This exciting book finally brings together research done in the area of school bullying around the world – it is a much needed collection of insights and empirical findings based on studies many western researchers have not been very familiar with. Personally, I was very keen on getting to know better the work done in mainland China, Hong Kong, Japan and South Korea, and I believe that this volume is an inspiring read for anyone interested in the problem of bullying – especially for those interested in, or planning to do cross-cultural research on the topic.
To me, it is fascinating that researchers in eastern countries have paid attention to the group nature of bullying from early on, describing it as a ‘disease of the classroom’ (as mentioned by Toda in Chapter 4) rather than a problem of individual misbehaving children. Even the roles of students who witness bullying were of particular interest in a Japanese study by Morita and colleagues, before they truly entered the research agenda in the west. Also, many of the concepts used to refer to bullying in South Korea bear a strong connotation of abuse by the group rather than by an individual student. Whether this reflects a cultural understanding of the phenomenon or actual differences in how and by whom it is done (prevalence of different forms, for instance, does not always seem to tell the same story as perceptions of what kind of forms bullying involves) still leaves room for further research.

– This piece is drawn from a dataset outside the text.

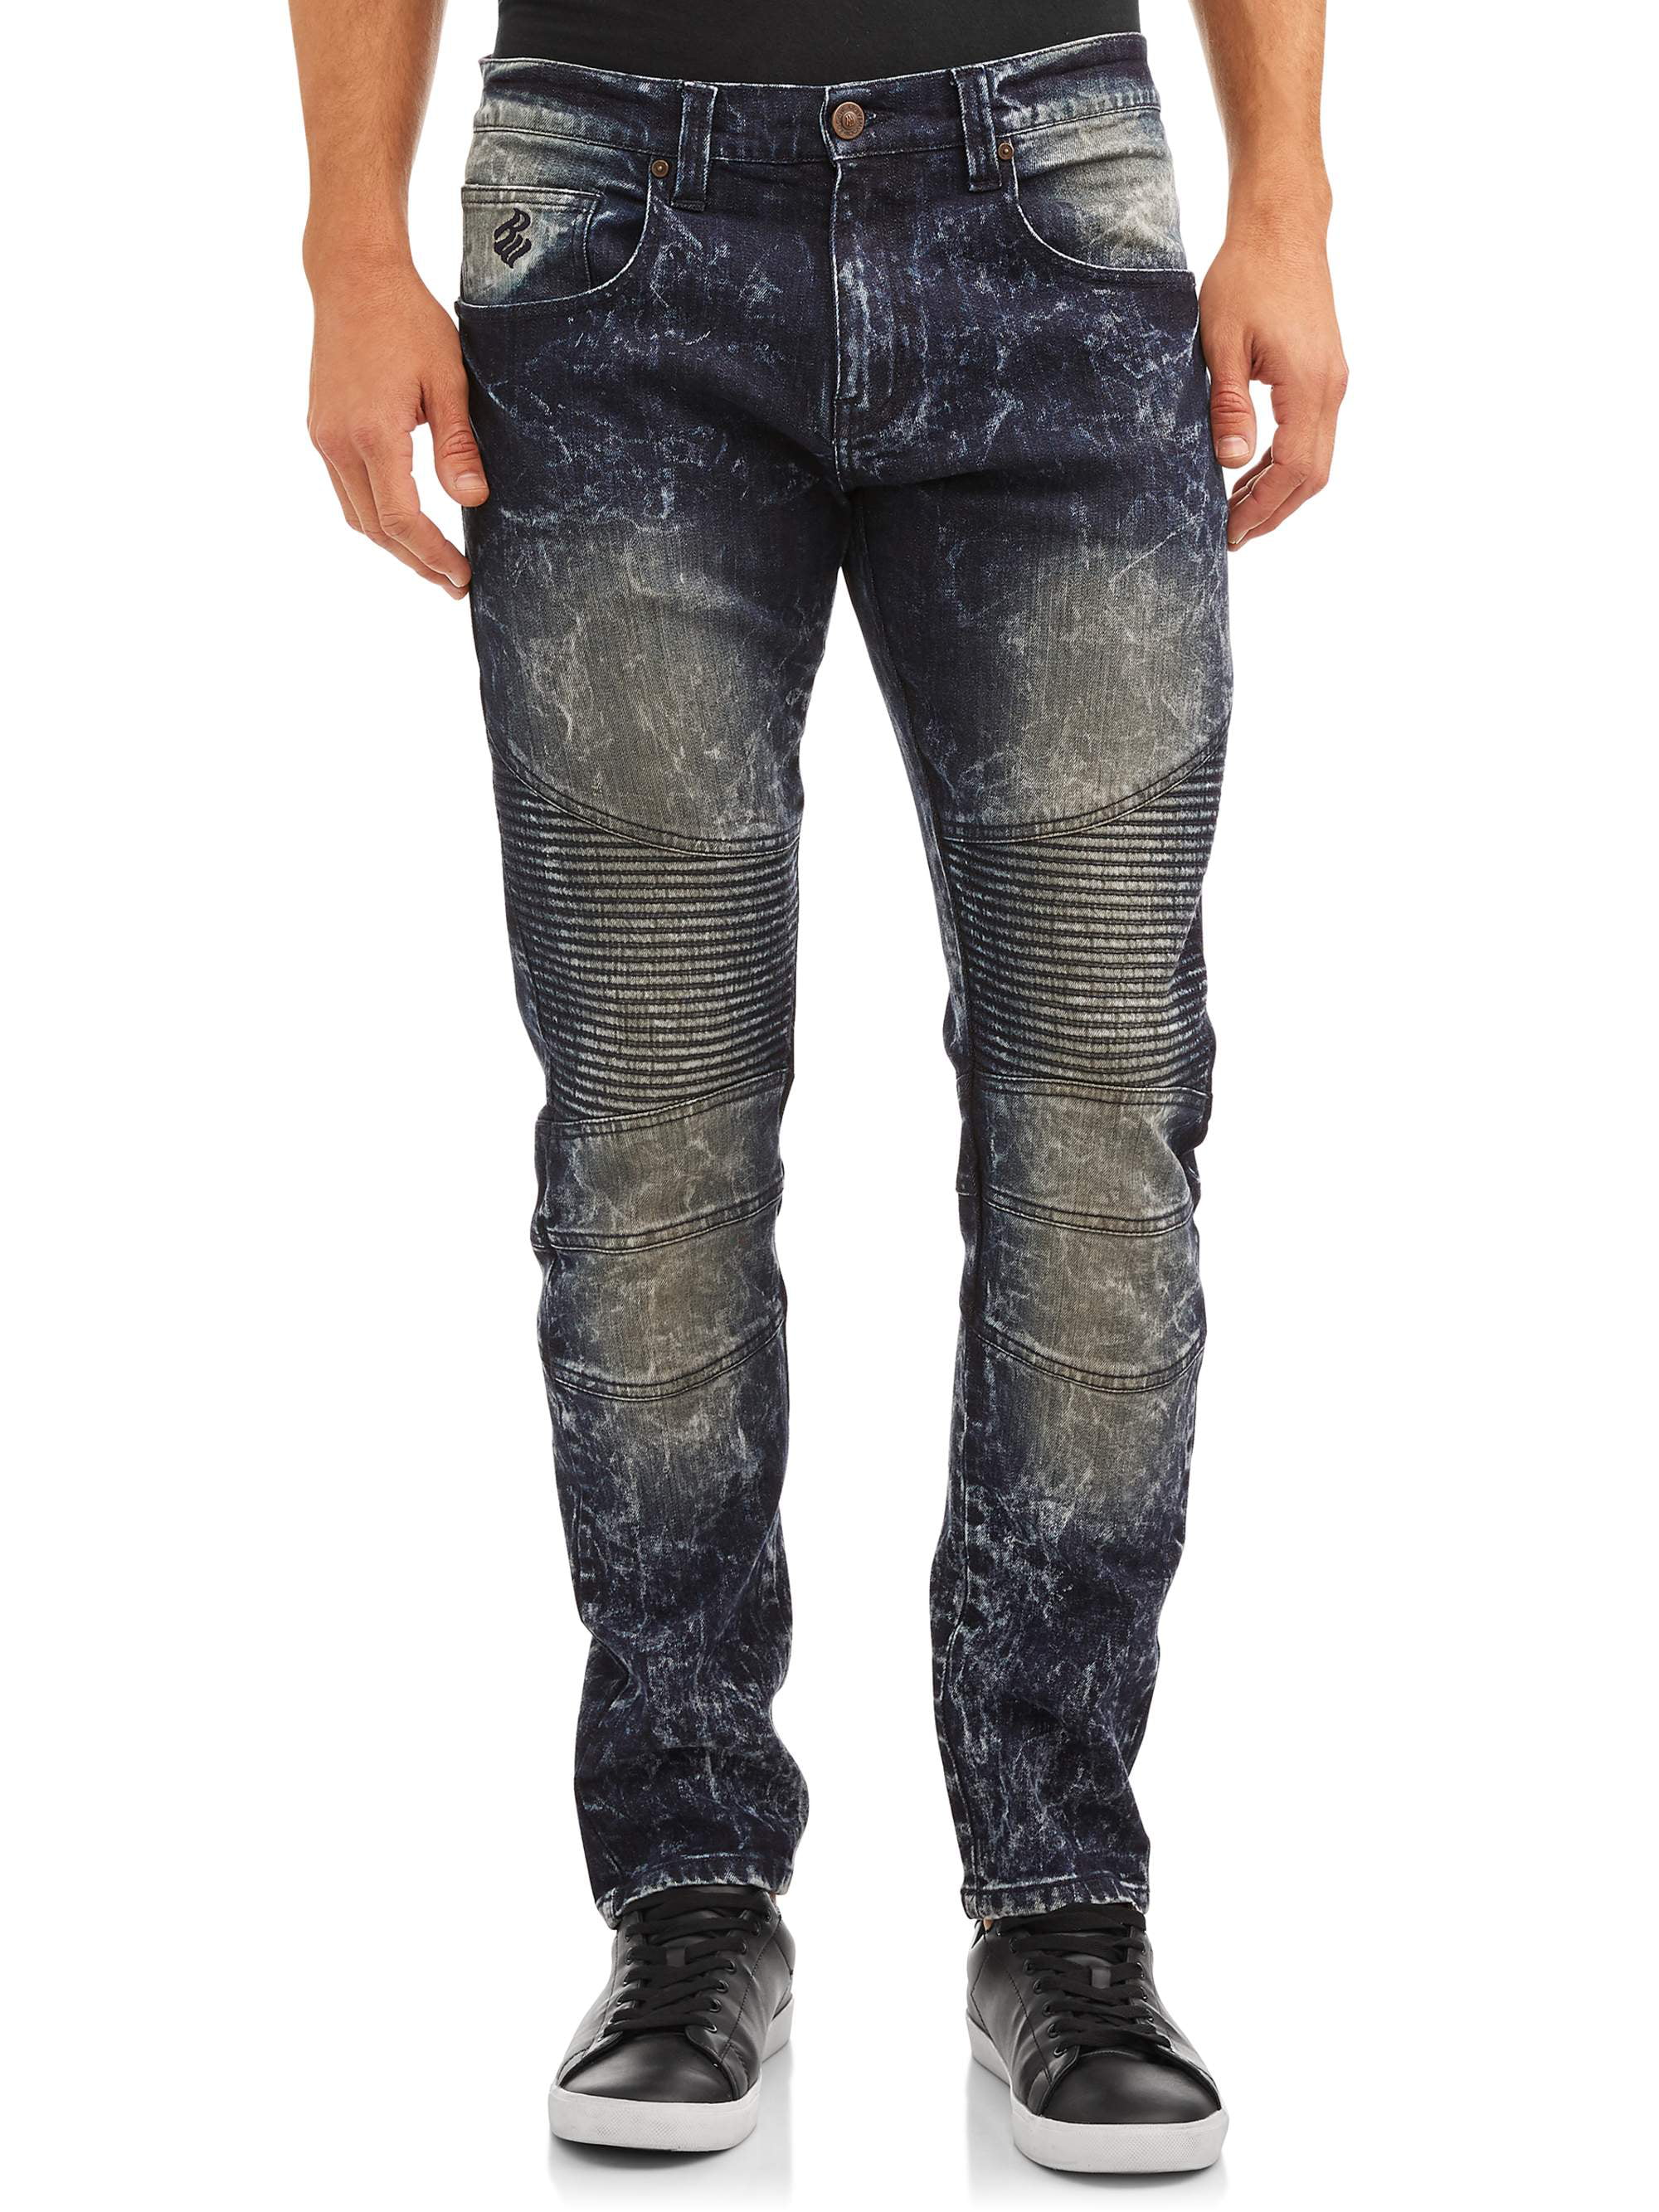 Ungdom tankevækkende kredsløb Rocawear Men's Trailblazer Slim Fit Jeans - Walmart.com

Overall, there seem to be many similarities in the understanding of bullying, the forms it takes, its correlates, as well as gender differences and developmental changes in it. Although also differences between eastern and western cultures are found, they often leave some doubt concerning equivalence in samples and measurement issues. Reading about prevalence differences makes one think about the large differences found in the prevalence of bullying and victimisation even within European countries. Taking this variation into account, the prevalence of bullying actually does not seem to differ much from east to west; to me, the similarities are perhaps more striking than the differences. Having said that, as there are known variations across classrooms and (to a lesser extent) schools in the prevalence and dynamics of bullying (for instance, more bullying in hierarchical classrooms or in classrooms where teachers do not have strong antibullying attitudes or they do not express such attitudes to students), such differences probably exist across wider cultural contexts as well. The interesting question is, what are the proximal factors (perhaps at the school level, or at the teacher/classroom level) that mediate such cultural influences on the dynamics of bullying.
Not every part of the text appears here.